So I'll keep on pumping gas into my four-litre Ford, the home fires will keep on burning, newspapers, magazines and books will remain my reading of choice ... and the doom merchants can prognosticate until the cows stop farting while I laugh in their faces.
As for fireworks, I knew it wouldn't be long before some dim-witted MP decided there ought to be a law, and the booby prize goes to Marion Hobbs, who has placed a bill seeking to ban the sale of fireworks to individuals in the ballot for members' bills.
All we can hope for is that it never gets drawn because there is always a danger that those who think they know what's best for the rest of us, among whom socialist politicians always feature prominently, might just pass it into law.
And, again, the vast responsible majority will become victims of the irresponsible few.
But of all the latest fads to give me a pain in the puku, it's the naive ninnies who are blaming obesity on food, and in their error doing their damnedest to restrict what we eat.
It was all over page 2 of the front section of the Weekend Herald last Saturday, both the bad news and the good.
The bad news is that the Ministry of Health and district health boards have set themselves up as arbiters of what we should and shouldn't eat; the good news is that the reaction of their staff and the public is less than enthusiastic.
Which shows that at least most of us still have the gumption to tell these obnoxious busybodies, in our actions, if not in words that we've had a gutsful.
There was, in the weekend's articles, a most interesting contrast.
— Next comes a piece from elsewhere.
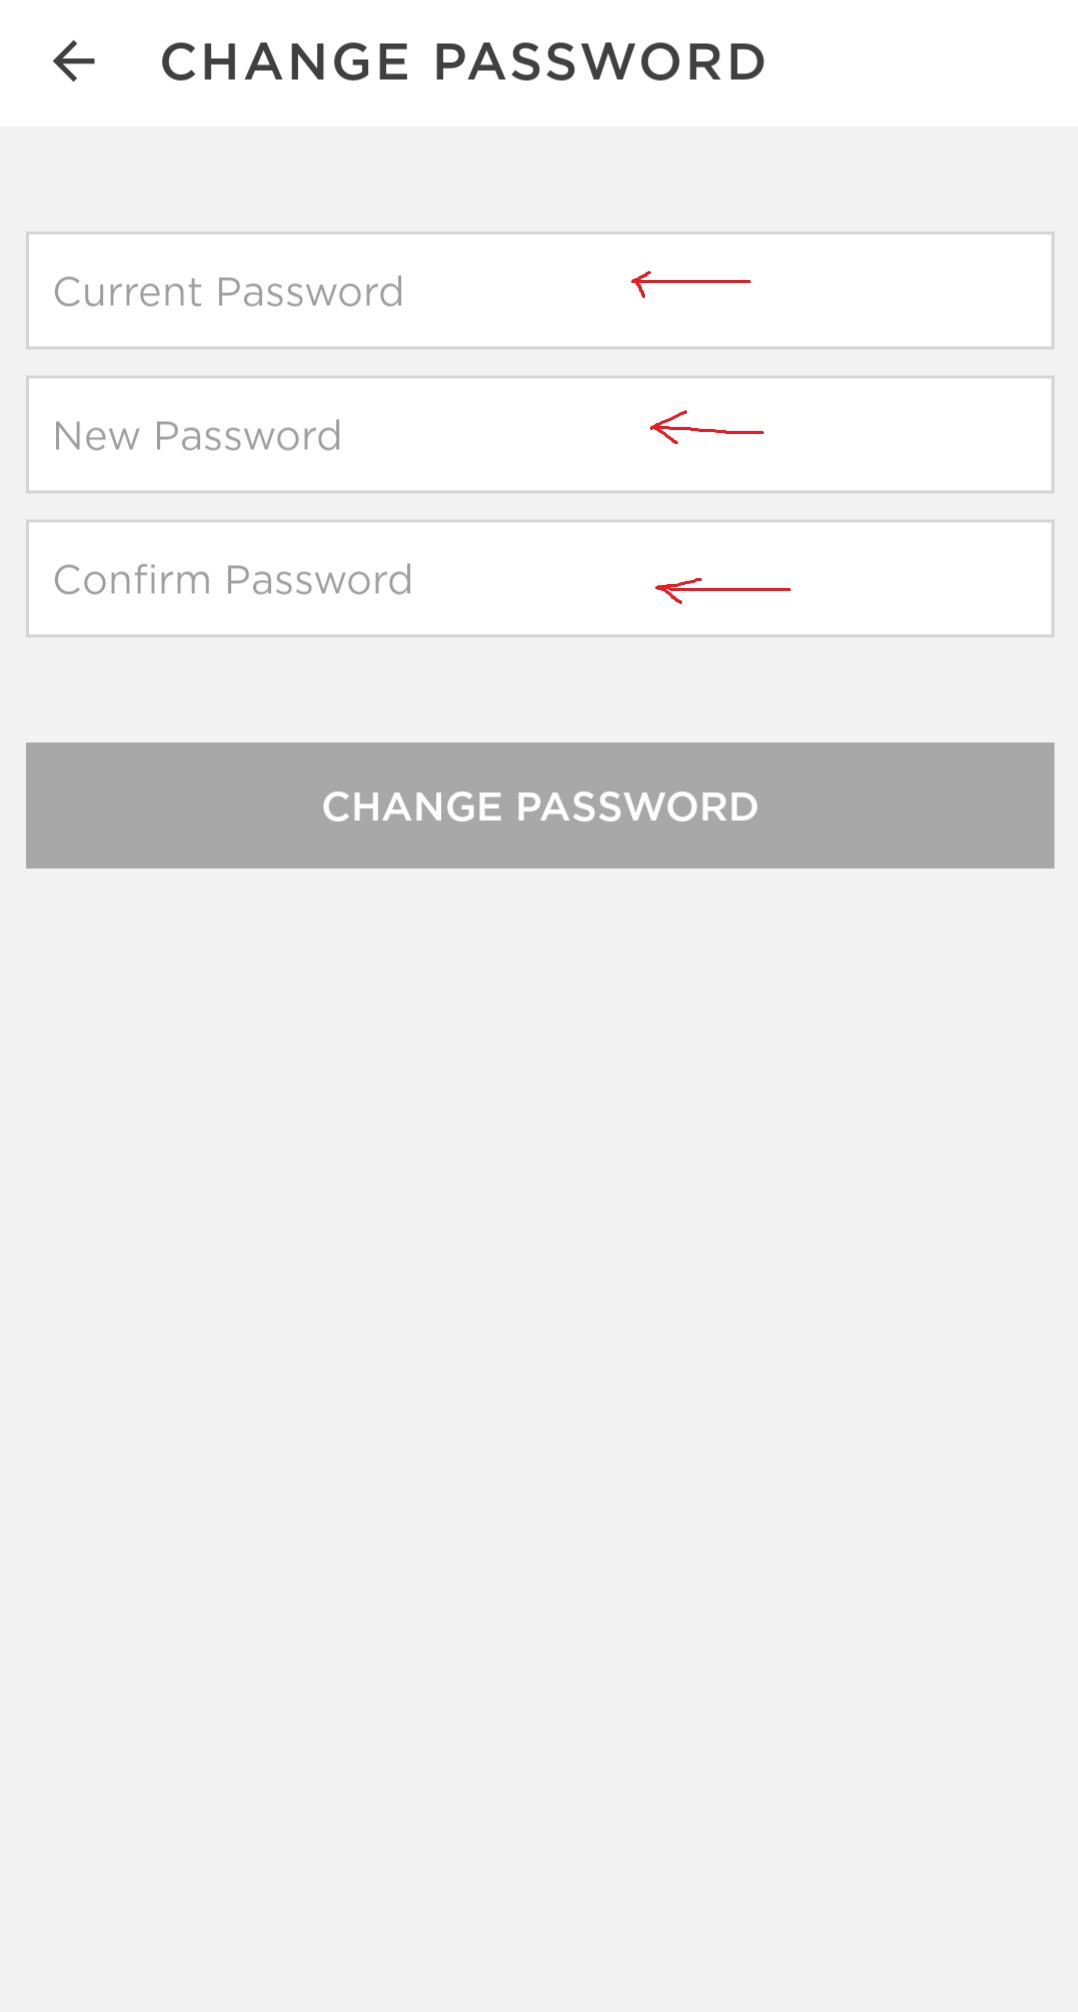 Click on the password change, enter your current and new password

At the Waitemata Health Board, we are told, the decision to replace sugared drinks in vending machines with diet versions was not without staff resistance, which led the board's boss man, Dwayne Crombie, to take a swipe at the resisters.
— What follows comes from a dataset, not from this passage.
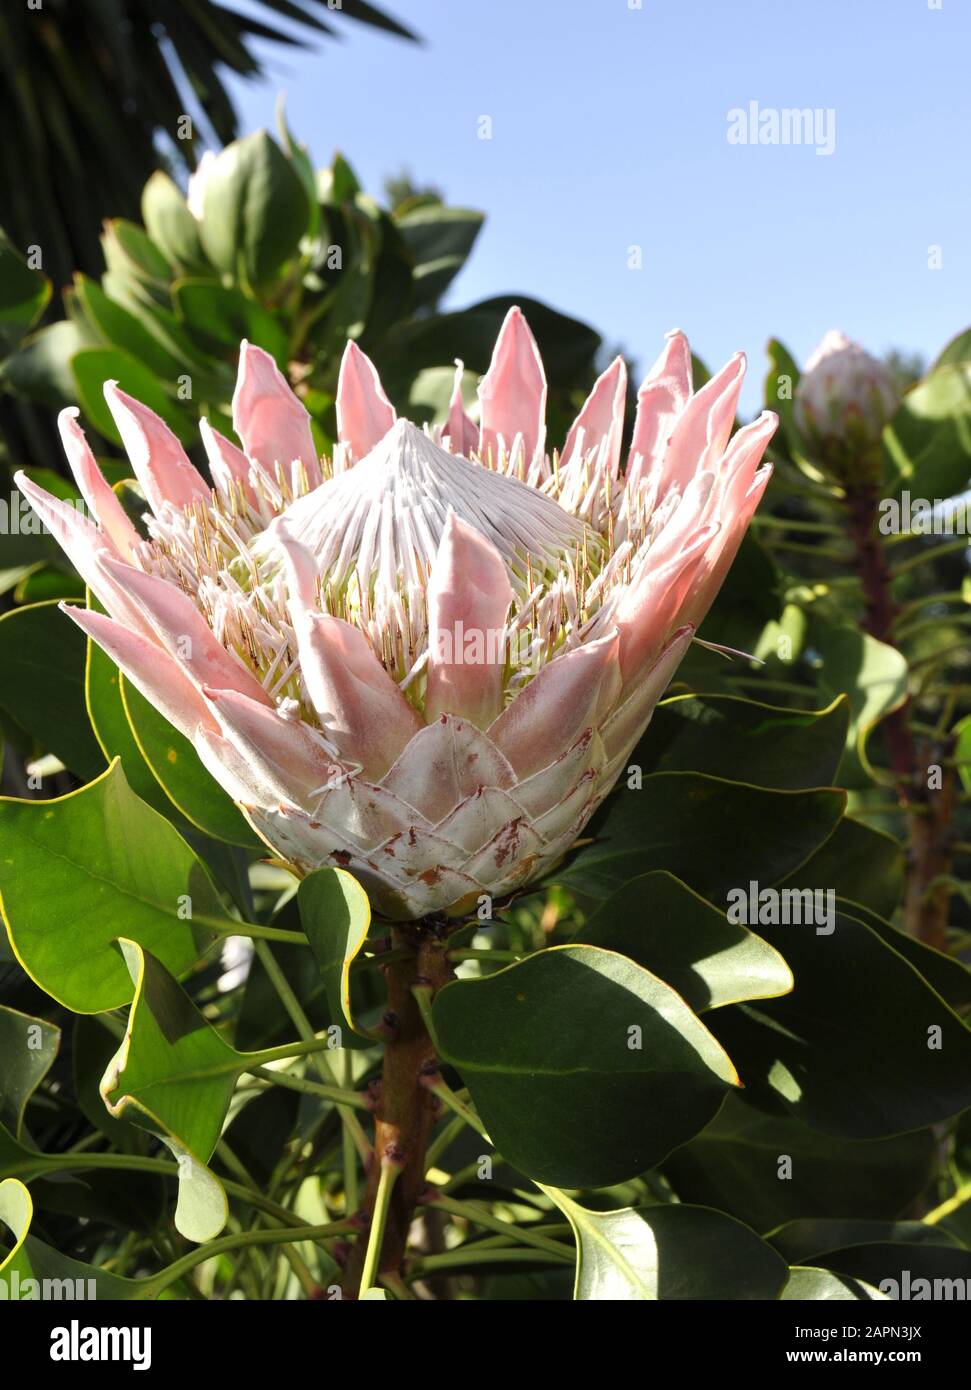 Closeup on the flower of a Protea plant Stock Photo

"I have been most disappointed," he wrote in a staff newsletter, "by the abusive comments from a small number of our so-called health professionals ... directed at some of our staff who implemented this change ... We can do without people like that at Waitemata Health."
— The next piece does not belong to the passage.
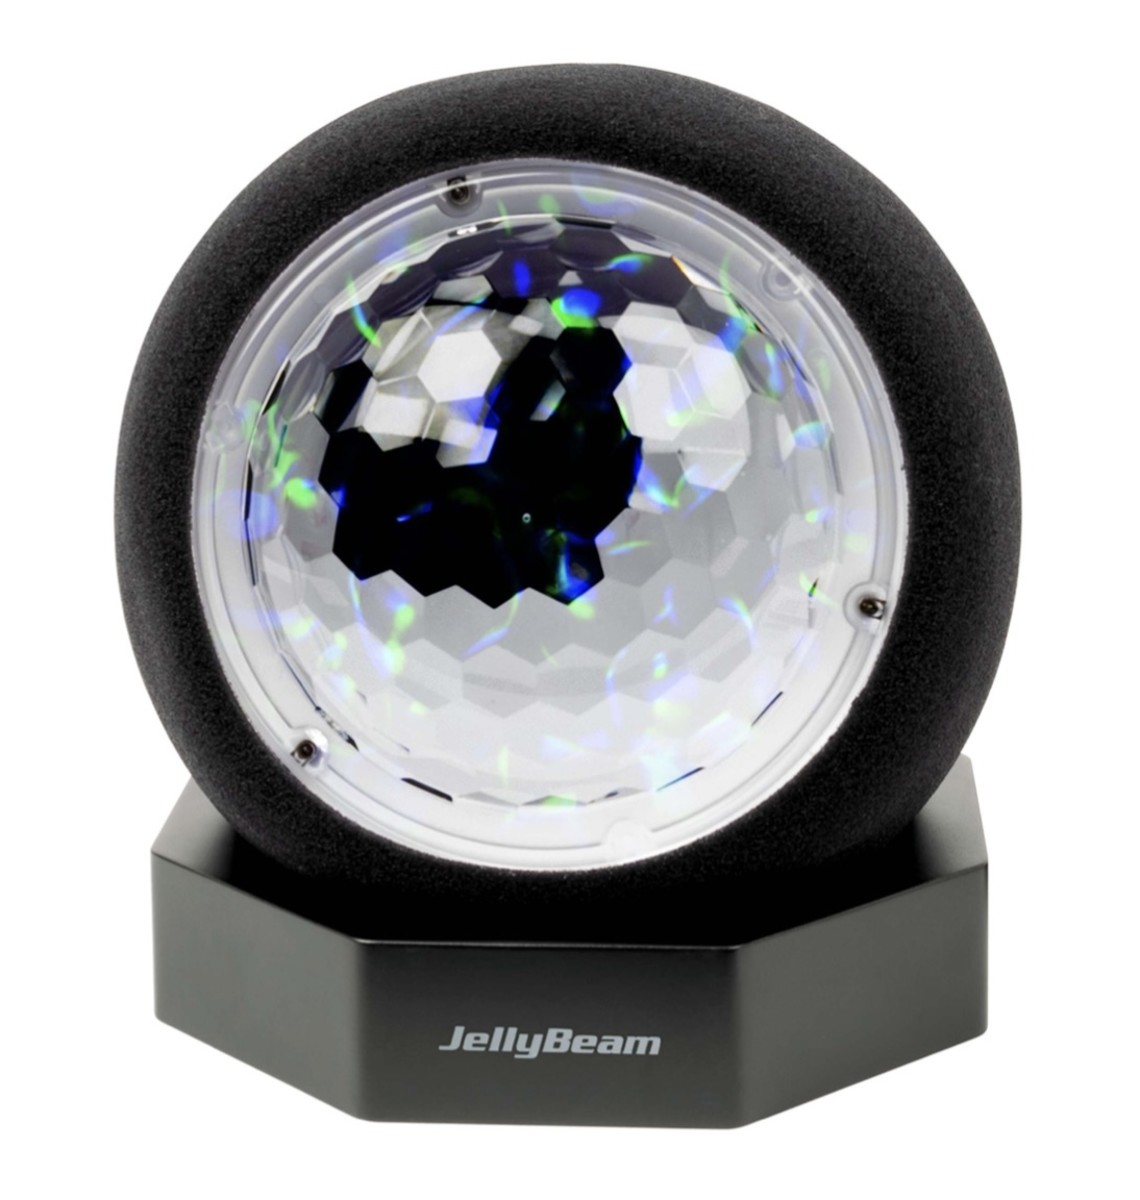 VocoPro’s Jellybeam Is the Moving Led Light With the Jellyfish Effect

Shows what we're up against, that bureaucratic arrogance which quite plainly says: "We know best, so you do what you're told."
Now contrast that with what's going on at law firm Chapman Tripp. Its chief executive Alistair Carruthers said employers had the responsibility to provide healthy options but what people chose to buy could not be controlled.
"I would find it very intrusive," he said, "for anybody to regulate what we put in our vending machines."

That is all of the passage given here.